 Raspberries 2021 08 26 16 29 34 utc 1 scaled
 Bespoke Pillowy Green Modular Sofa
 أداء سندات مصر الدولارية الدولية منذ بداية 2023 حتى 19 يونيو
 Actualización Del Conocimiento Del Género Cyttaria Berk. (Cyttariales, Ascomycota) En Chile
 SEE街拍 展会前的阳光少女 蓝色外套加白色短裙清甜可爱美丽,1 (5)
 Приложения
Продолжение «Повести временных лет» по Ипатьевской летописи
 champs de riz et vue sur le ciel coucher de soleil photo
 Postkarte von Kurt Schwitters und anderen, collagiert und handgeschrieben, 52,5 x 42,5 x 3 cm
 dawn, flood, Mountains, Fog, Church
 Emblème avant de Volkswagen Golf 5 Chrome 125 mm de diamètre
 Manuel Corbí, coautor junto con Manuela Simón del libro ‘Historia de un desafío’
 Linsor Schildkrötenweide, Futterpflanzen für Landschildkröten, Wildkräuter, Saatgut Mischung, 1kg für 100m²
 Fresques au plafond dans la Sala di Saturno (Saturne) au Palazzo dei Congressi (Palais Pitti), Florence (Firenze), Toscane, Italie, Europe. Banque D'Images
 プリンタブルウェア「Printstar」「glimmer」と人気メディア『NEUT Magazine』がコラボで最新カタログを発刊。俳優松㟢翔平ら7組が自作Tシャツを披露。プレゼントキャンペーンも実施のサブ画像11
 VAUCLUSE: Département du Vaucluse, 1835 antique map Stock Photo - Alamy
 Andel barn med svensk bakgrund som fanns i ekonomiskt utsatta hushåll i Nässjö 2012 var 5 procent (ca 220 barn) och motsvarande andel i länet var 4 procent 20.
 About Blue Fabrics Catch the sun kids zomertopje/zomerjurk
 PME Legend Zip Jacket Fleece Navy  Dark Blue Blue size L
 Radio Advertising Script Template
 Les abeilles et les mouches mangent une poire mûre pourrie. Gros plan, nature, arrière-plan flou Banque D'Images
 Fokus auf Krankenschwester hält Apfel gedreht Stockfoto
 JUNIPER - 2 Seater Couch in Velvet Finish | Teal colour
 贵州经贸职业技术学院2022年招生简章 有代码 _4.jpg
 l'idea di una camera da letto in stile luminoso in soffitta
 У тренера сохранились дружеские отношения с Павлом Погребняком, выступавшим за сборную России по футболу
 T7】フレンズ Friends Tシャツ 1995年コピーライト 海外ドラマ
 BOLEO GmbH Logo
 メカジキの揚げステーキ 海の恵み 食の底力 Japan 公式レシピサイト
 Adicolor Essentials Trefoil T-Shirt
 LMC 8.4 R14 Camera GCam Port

+--

_WHAT THIS TASK INVOLVES_
Look through the entries above and quote exactly the lines from the line with "أداء سندات مصر" to the line with "по Ипатьевской летописи", counting both of those lines.

_RESULT BELOW_
 أداء سندات مصر الدولارية الدولية منذ بداية 2023 حتى 19 يونيو
 Actualización Del Conocimiento Del Género Cyttaria Berk. (Cyttariales, Ascomycota) En Chile
 SEE街拍 展会前的阳光少女 蓝色外套加白色短裙清甜可爱美丽,1 (5)
 Приложения
Продолжение «Повести временных лет» по Ипатьевской летописи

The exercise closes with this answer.